Reddit CEO Says LLMs Depend on Reddit Data

▼ Summary
– Reddit CEO Steve Huffman stated that large language models would not exist as they do without Reddit’s user-generated content, which he called “modern oil” for AI.
– Reddit has data licensing agreements with Google and OpenAI, but has sued Anthropic, Perplexity, and data-scraping firms for unauthorized use of its content.
– Huffman said Reddit’s openness to data sharing changed because AI companies moved away from open research, making it difficult to track how data was used.
– Reddit uses AI for its “Reddit Answers” search feature, which presents verbatim user quotes, and for content moderation, but not as a replacement for community moderation.
– Huffman noted that users posting AI-written content is a challenge, but Reddit will let communities downvote and reject such content rather than creating a specific policy.
Reddit CEO Steve Huffman made a bold declaration at the Fast Company Most Innovative Companies Summit, asserting that large language models (LLMs) “would not exist as we know them” without the platform’s user-generated content. He described Reddit’s data as “modern oil” for the artificial intelligence industry, a resource he claims is irreplaceable in the current AI ecosystem.
Huffman explained that Reddit is a foundational source for training data used by major AI systems. “There’s no artificial intelligence without actual intelligence,” he said, noting that models essentially “regurgitate on an absolutely massive scale” what they consume. He pointed to Reddit’s natural, human conversation covering nearly every topic as a unique advantage. He also cited data from Profound, a firm that tracks AI citation, to back up his claim that Reddit is the most cited platform across all models.
The company has taken a dual approach to handling AI firms.
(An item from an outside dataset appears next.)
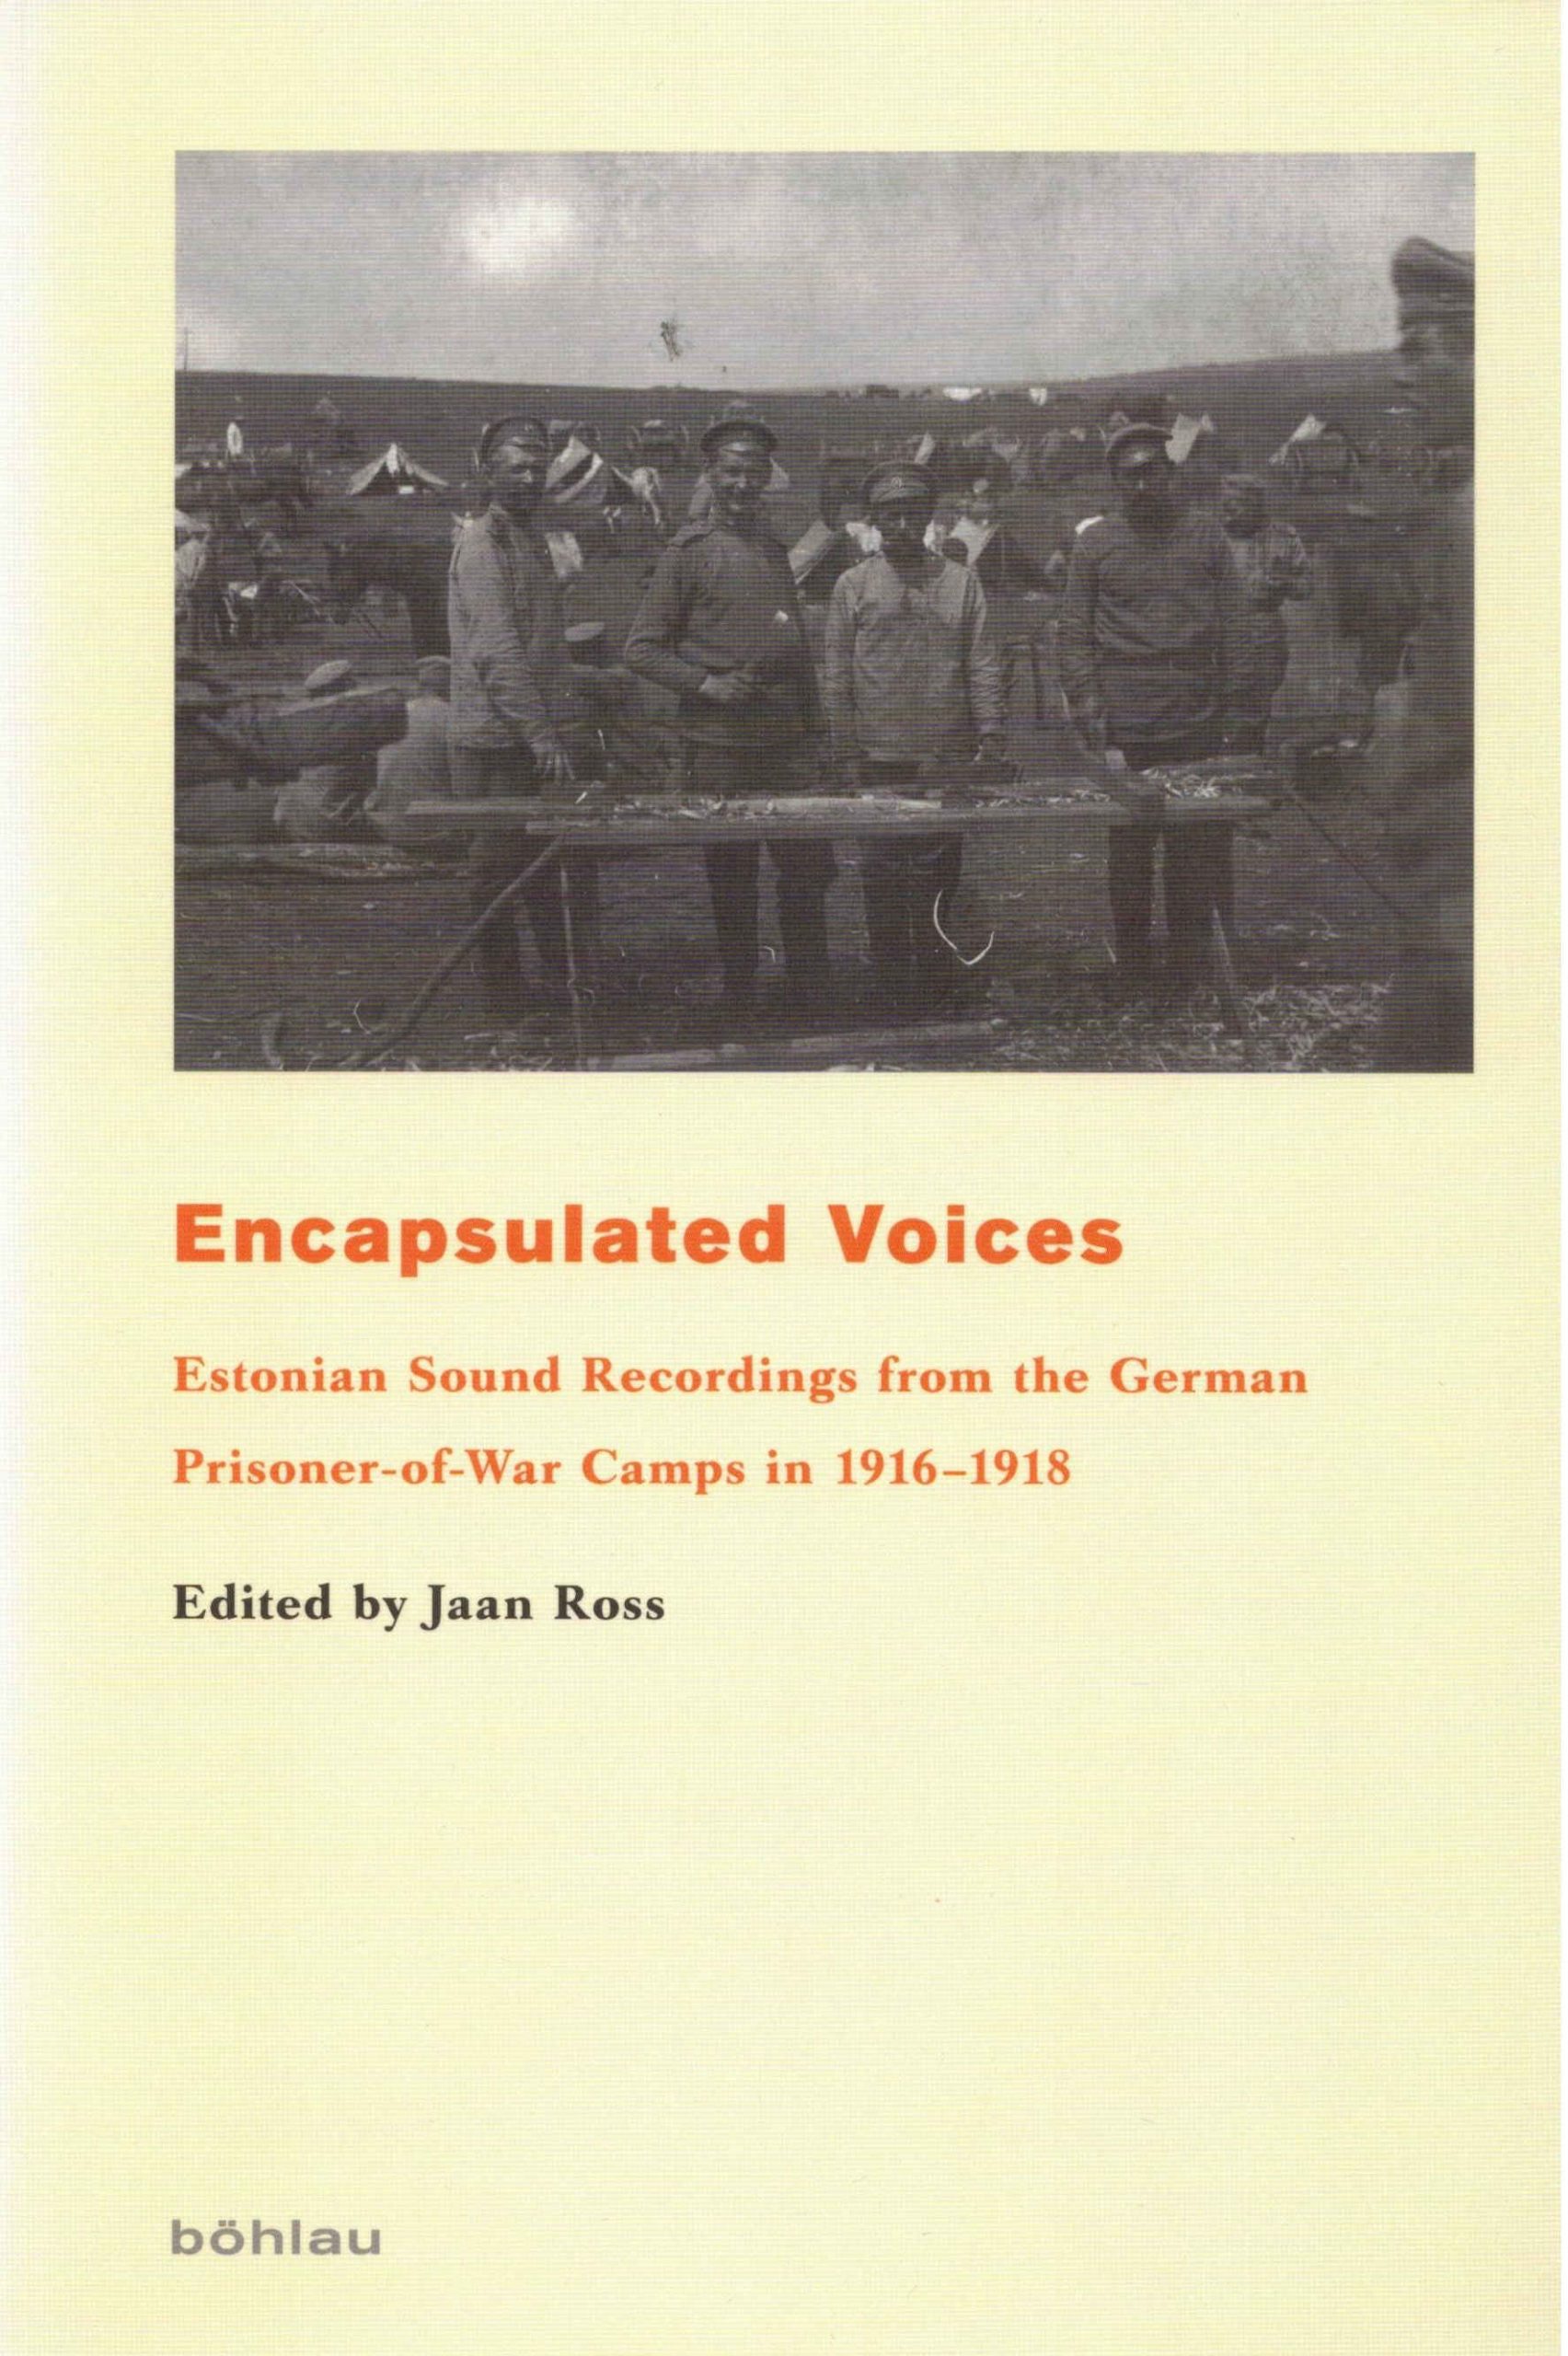 Band 05: Encapsulated Voices. Estonian Sound Recordings from the German Prisoner-of-War Camps in 1916-1918

In 2024, Reddit signed data licensing agreements with Google and OpenAI. Huffman described these as collaborative partnerships, allowing Reddit to set “guard rails on use and access to our data on behalf of our users” while working together on next-generation products. For companies unwilling to negotiate, Reddit has turned to litigation. It sued Anthropic in California Superior Court for unauthorized use of content and filed a federal lawsuit against Perplexity and three data-scraping firms in the Southern District of New York, alleging DMCA anti-circumvention violations. Huffman summed up the policy simply: “Commercial use of our data requires commercial terms.”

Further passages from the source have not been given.